I was also troubled by a desire to ask inconvenient questions. The atmosphere at school naturally precluded these and I hesitated to ask my mother lest such irreverent wondering might upset her. I therefore continued to speculate secretly, feeling increasingly guilty, until it seemed to me that my impulse to ask such questions could only lead to my being flung into Hell’s hottest fires to writhe in torment throughout eternity.
Clearly the time had come to consult my mother, whatever her reactions, and on the eve of my First Confession I asked the most worrying question of all: what happened to the Sacred Host when one swallowed it? Did it continue to be God’s body? If so, was it not grossly disrespectful to subject it to the routine processes of the human digestive system? And if it did not continue to be God’s body, at what stage did it revert to being the piece of unleavened bread it was before the priest changed its nature at the Consecration of the Mass? (Not for nothing had I been exposed since birth to theological debate.) I was immensely relieved when my mother, instead of being upset by all this, looked positively pleased. But in reply to my question she only said that God, as the inventor of the human digestive system, could have no objection to being involved in its everyday workings. She added that many books, which I could study when I was older, had been written on this doctrine. Her reaction soothed my fears about hell-fire yet her actual answer did not satisfy me. I never doubted the Host’s being God and I was made deeply uneasy by the essential irreverence involved in eating him. If I lacked the kind of superstitious awe my teachers were trying to inculcate, I did not lack reverence – described by Alexander Skutch as ‘the chief of the religious emotions’. An instinctive reverence is, I believe, a part of every child’s nature. But it needs to be carefully cultivated and this is why I have never regretted my Catholic upbringing; for all its peculiarities it encouraged my natural reverence to grow into something capable of surviving without the protective netting of formal religion.
Despite the build-up, my recollections of First Holy Communion Day are hazy. I chiefly remember acquiring an unprecedented amount of money, through sixpenny and shilling tips from the neighbours, and feeling very important and adult and conscious of having begun an entirely new phase in my life. The Roman Catholic Church is often accused of retarding the mental and moral development of its members – and so it does, in many cases. But the First Confession/First Holy Communion initiation rite, with its emphasis on the seven-year-old as a responsible person, probably hastens, at this stage, the maturing process. Or at least can hasten it, if those in charge of religious instruction are not themselves superstition-sodden autocrats.
Being mainly dependent on my parents for such instruction, I soon became familiar with the neat logic that underpins Catholic moral theology. To change the metaphor, this system of stylised thought can be enjoyed as a sort of intellectual ballet, full of harmony, grace, disciplined energy and calculated flexibility. But it never allows for the unplanned movement, the sudden burst of individual initiative, the leap of a solitary imagination.
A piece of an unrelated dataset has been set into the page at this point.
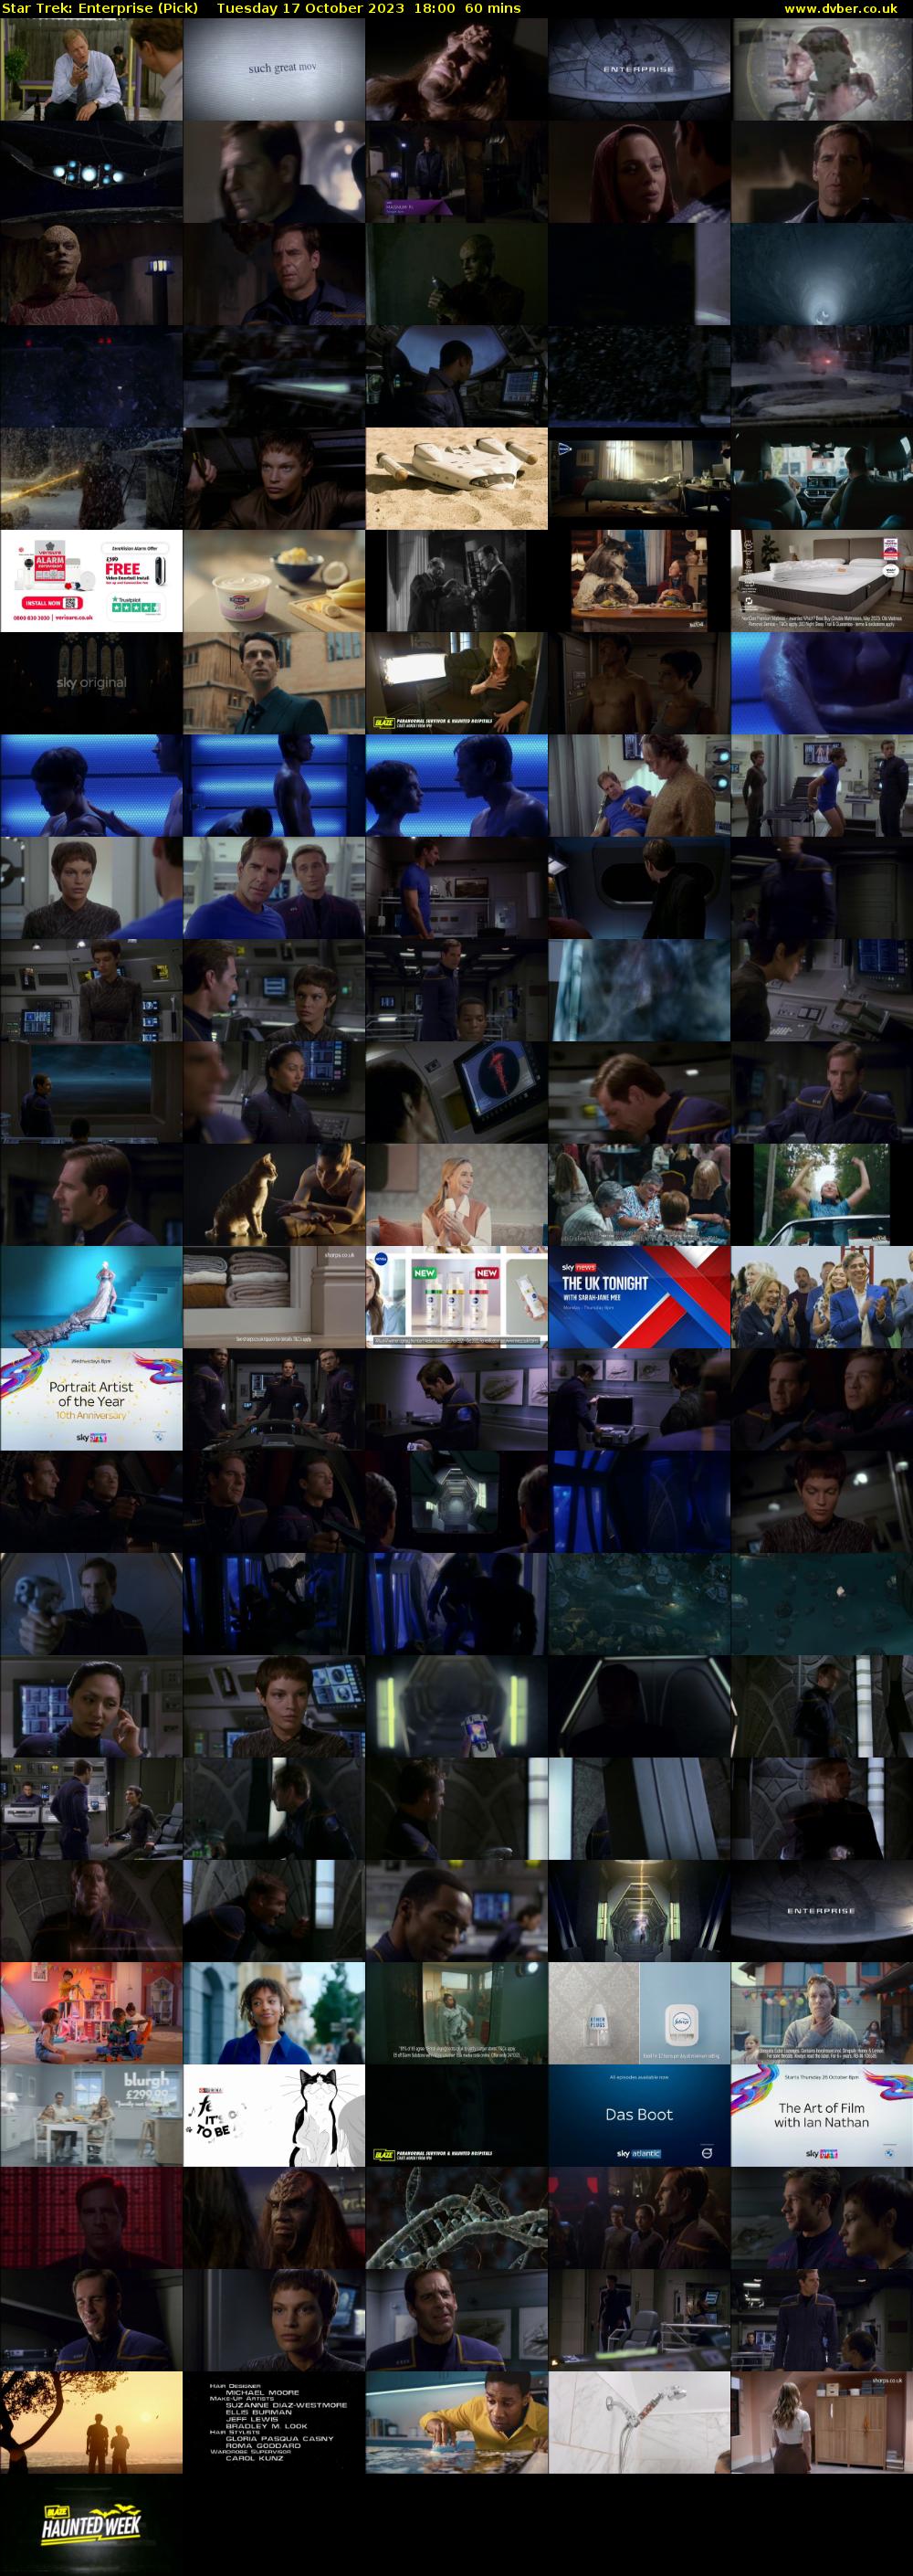 Star Trek: Enterprise (Pick) Tuesday 17 October 2023 18:00 - 19:00

Just as ballet is only remotely related to how people move in everyday life, so this system is only remotely related to how they think and feel. It is an heroic attempt to strengthen the weak, reassure the fearful and give form to the formless. As such, it has been of inestimable value to Europeans for almost two thousand years. But now European man is growing up, as Bonhoeffer saw not long before my First Holy Communion Day.
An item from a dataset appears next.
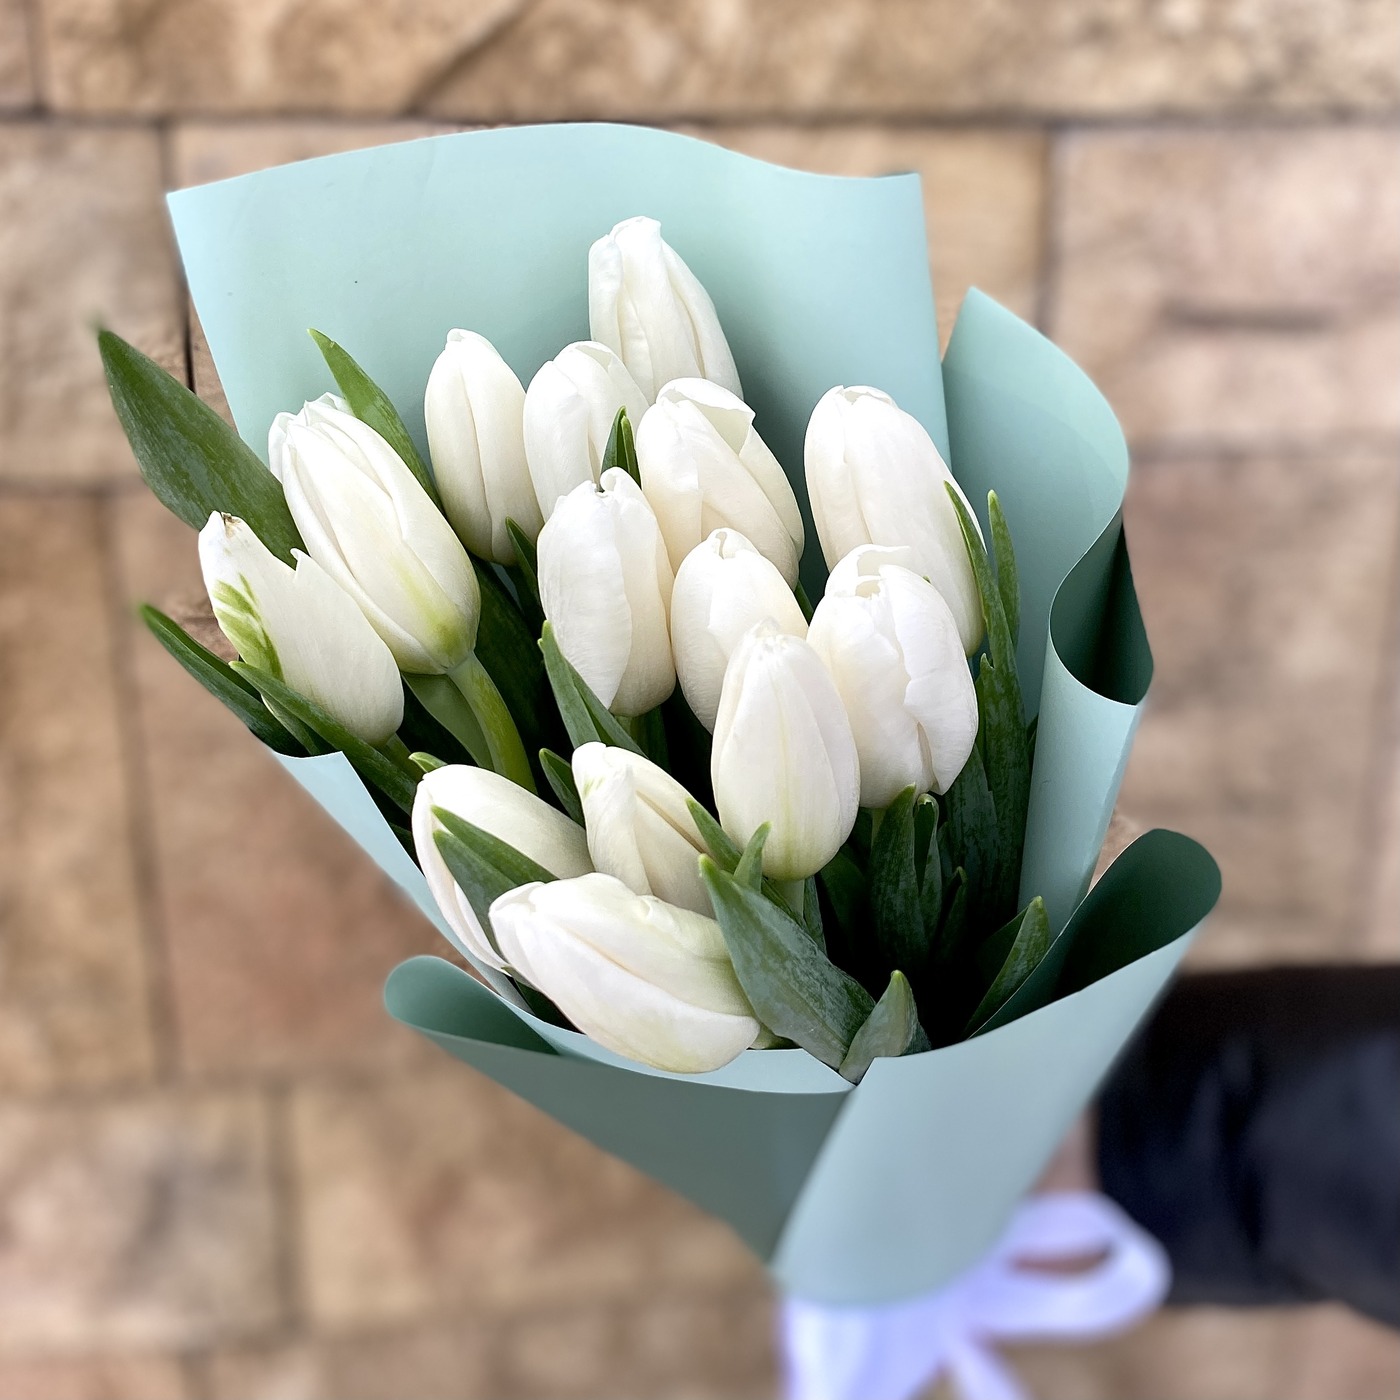 Тюльпан купить в москве с доставкой заказать цветы москва дешево

Apart from its religious significance, the First Holy Communion rite in a small Irish town was, during my childhood, a provocation to rampant one-up-womanship amongst the mothers of little girls. Who would have the longest veil, the most striking wreath, the most becoming frock, the prettiest shoes and knee-socks, the smallest rosary-beads, the most lavishly illustrated prayer-book? Mothers who could never afford a square meal for their children spent absurd sums on outfits which were totally impractical since it was considered both irreverent and déclassé to wear them on social occasions. Once I heard my father muttering in his ascetic way that the clergy should condemn such inappropriate ostentation. But my mother defended it, arguing that by spending so apparently foolishly, people were expressing an awareness of the solemnity of sacramental rites – that for them extravagance was a part of worshipping. Many years later, when listening to criticisms of the lavish wedding-feasts of poor Hindus, I remembered her words. Had my father noticed the circumstance, he would certainly have deplored the fact that his daughter – attired in a Parisian outfit donated by her godfather – won this sartorial competition at a canter. But then my mother counteracted our status-improving victory by thriftily insisting on my wearing the frock ‘for best’ during that summer of 1939.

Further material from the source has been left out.